In DA, training data serve to determine the multivariate mean and variance–covariance structure of predictor variables for each of the response variable's states, here presence and absence. The distribution of predictor variables is assumed to be normal, but their covariance need not be the same for all states in non-linear DA (Rogers, Hay & Packer 1996). The posterior probability of any data point belonging to one response state or another is then calculated based on its position in n-dimensional space relative to each state's multivariate mean, where distance between sample point and mean is measured as Mahalanobis distance (Green 1978; Rogers, Hay & Packer 1996). For presence–absence data DA thus predicts the probability of occurrence. Non-linear DA was implemented using custom-written programmes in QuickBasic (Microsoft®). Ten predictor variables were selected in forward stepwise fashion based on their ability to maximize training accuracy as measured by kappa (see below). Ten variables was just less than the number picked, on average, in LR models using the AIC (mean = 11; n= 770).

measures of model accuracy

We focused on two measures of accuracy: Cohen's kappa and AUC of ROC plots. To facilitate comparison with other studies we also reported on sensitivity and specificity.

Sensitivity quantifies the proportion of observed presences correctly predicted as presence (the true positive fraction). Poor sensitivity therefore indicates many omission errors, i.e. erroneous predictions of absence. Conversely, specificity measures the proportion of observed absences correctly predicted as absence (the true negative fraction). Low specificity signals high commission error, i.e. erroneous predictions of presence (Fielding & Bell 1997). Both measures are mathematically independent of prevalence, because they are expressed as a proportion of all the sites with a given observed state (i.e. presence or absence; Pearce & Ferrier 2000a). None the less, these measures can be misleading. Each simply reflects how well the model predicts one category (presence or absence) without indicating how many mistakes are made in the other. Chance alone could lead to high sensitivity for particularly prevalent species or high specificity for very rare species (Olden, Jackson & Peres-Neto 2002).

In contrast, kappa and AUC are ‘omnibus measures’, designed to reflect model performance in absence and presence simultaneously (Cicchetti & Feinstein 1990). Kappa records overall agreement between predictions and observations, corrected for agreement expected to occur by chance. The statistic ranges from −1 to +1, where +1 indicates perfect agreement while values of zero or less suggest a performance no better than random (Cohen 1960). Although kappa has been reported to show some sensitivity towards prevalence, this effect has been judged negligible among ecologists (Fielding & Bell 1997; Manel, Williams & Ormerod 2001).

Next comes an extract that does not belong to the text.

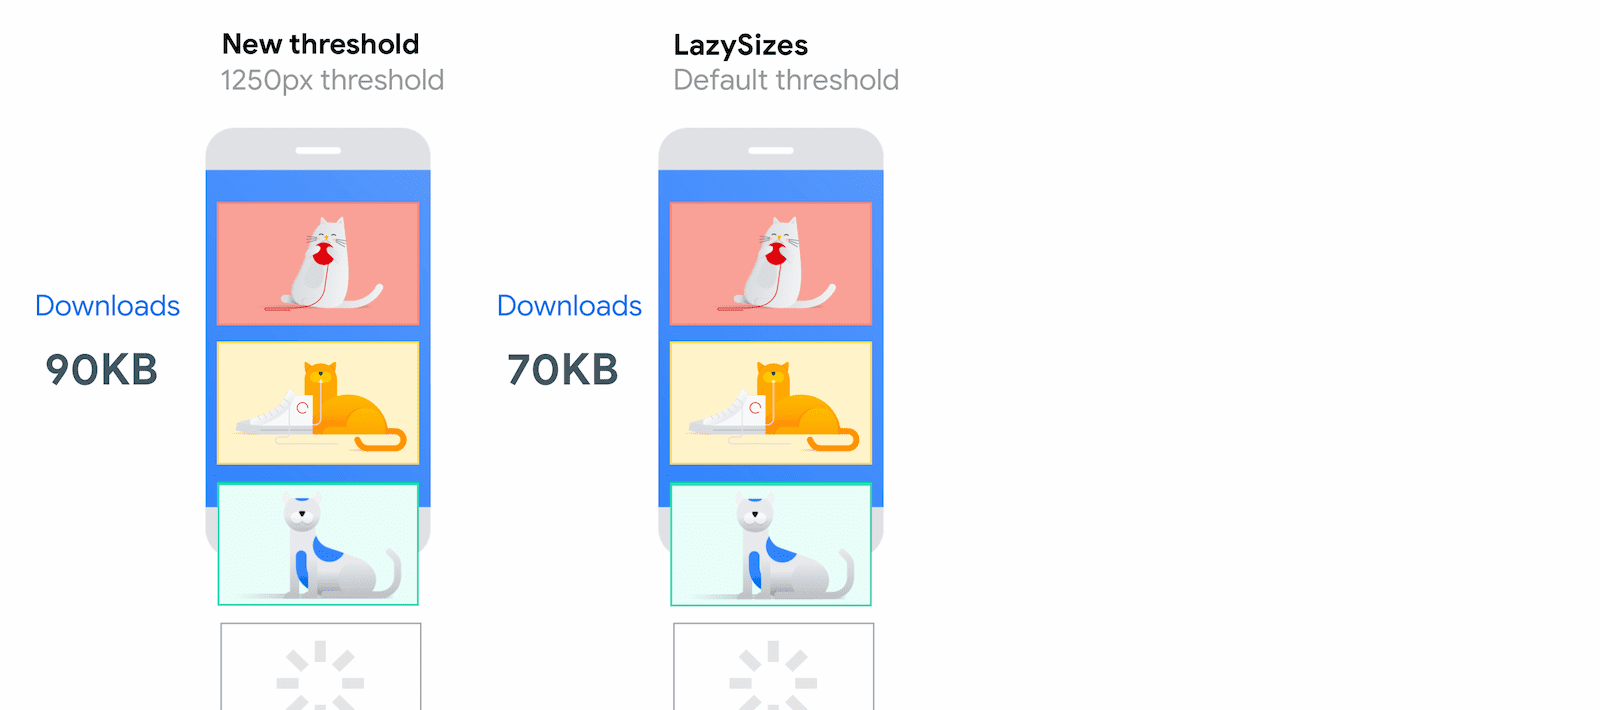 同じネットワーク条件で LazySizes が 70 KB で読み込むのに対し、Chrome では 90 KB の画像を読み込む新しいビューポートからの距離のしきい値

Kappa, sensitivity and specificity all derive from a confusion matrix (Fig. 1). Their calculation therefore requires that probabilistic predictions of occurrence be divided into concrete predictions of absence or presence, based on a single, potentially arbitrary classification threshold, here 0·5.

Figure 1.

A confusion matrix, which tabulates model results as shown.

The area under ROC curves instead is a threshold-independent measure of model accuracy, juxtaposing correct and incorrect predictions over a range of thresholds. It ranges from 0 to 1, with values larger than 0·5 indicating a performance better than random (Fielding & Bell 1997). AUC was here calculated non-parametrically using the Wilcoxon statistic (Hanley & McNeil 1982; Pearce & Ferrier 2000a). ROC plots are thought to be independent of prevalence, because the true positive and false positive fractions determining their curve are each expressed as a proportion of all sites with a given observed state (Zweig & Campbell 1993).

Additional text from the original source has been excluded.